** What to work on **
Set down exactly the lines in the records below that run from the line with "7 General Summarizing" to the line with "221 S. Main Property Photo", inclusive, and nothing more.

┌──

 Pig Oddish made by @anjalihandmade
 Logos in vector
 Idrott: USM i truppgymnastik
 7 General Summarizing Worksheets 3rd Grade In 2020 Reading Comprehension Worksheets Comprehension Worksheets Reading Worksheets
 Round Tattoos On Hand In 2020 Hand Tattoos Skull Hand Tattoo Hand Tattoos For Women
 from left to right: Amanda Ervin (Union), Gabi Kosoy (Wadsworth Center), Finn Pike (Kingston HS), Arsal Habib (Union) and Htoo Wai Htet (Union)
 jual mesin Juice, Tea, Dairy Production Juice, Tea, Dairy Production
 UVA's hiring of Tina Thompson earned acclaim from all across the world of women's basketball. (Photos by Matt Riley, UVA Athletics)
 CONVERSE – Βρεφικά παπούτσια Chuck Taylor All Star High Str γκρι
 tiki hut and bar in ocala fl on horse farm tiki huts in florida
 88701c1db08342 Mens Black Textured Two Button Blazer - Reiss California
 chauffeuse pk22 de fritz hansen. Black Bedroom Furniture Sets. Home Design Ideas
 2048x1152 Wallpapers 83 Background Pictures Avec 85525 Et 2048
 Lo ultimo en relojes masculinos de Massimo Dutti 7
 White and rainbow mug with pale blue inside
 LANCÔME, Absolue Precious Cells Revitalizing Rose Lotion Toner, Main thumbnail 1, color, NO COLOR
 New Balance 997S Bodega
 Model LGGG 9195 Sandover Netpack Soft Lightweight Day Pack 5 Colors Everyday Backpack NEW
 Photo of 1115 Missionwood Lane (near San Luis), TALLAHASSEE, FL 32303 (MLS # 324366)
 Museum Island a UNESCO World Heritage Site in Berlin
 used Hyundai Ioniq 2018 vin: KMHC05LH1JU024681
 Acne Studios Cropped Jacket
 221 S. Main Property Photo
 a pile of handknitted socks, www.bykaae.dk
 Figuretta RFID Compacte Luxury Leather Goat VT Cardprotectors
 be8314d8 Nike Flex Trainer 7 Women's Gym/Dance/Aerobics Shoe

└──

** Output below **
 7 General Summarizing Worksheets 3rd Grade In 2020 Reading Comprehension Worksheets Comprehension Worksheets Reading Worksheets
 Round Tattoos On Hand In 2020 Hand Tattoos Skull Hand Tattoo Hand Tattoos For Women
 from left to right: Amanda Ervin (Union), Gabi Kosoy (Wadsworth Center), Finn Pike (Kingston HS), Arsal Habib (Union) and Htoo Wai Htet (Union)
 jual mesin Juice, Tea, Dairy Production Juice, Tea, Dairy Production
 UVA's hiring of Tina Thompson earned acclaim from all across the world of women's basketball. (Photos by Matt Riley, UVA Athletics)
 CONVERSE – Βρεφικά παπούτσια Chuck Taylor All Star High Str γκρι
 tiki hut and bar in ocala fl on horse farm tiki huts in florida
 88701c1db08342 Mens Black Textured Two Button Blazer - Reiss California
 chauffeuse pk22 de fritz hansen. Black Bedroom Furniture Sets. Home Design Ideas
 2048x1152 Wallpapers 83 Background Pictures Avec 85525 Et 2048
 Lo ultimo en relojes masculinos de Massimo Dutti 7
 White and rainbow mug with pale blue inside
 LANCÔME, Absolue Precious Cells Revitalizing Rose Lotion Toner, Main thumbnail 1, color, NO COLOR
 New Balance 997S Bodega
 Model LGGG 9195 Sandover Netpack Soft Lightweight Day Pack 5 Colors Everyday Backpack NEW
 Photo of 1115 Missionwood Lane (near San Luis), TALLAHASSEE, FL 32303 (MLS # 324366)
 Museum Island a UNESCO World Heritage Site in Berlin
 used Hyundai Ioniq 2018 vin: KMHC05LH1JU024681
 Acne Studios Cropped Jacket
 221 S. Main Property Photo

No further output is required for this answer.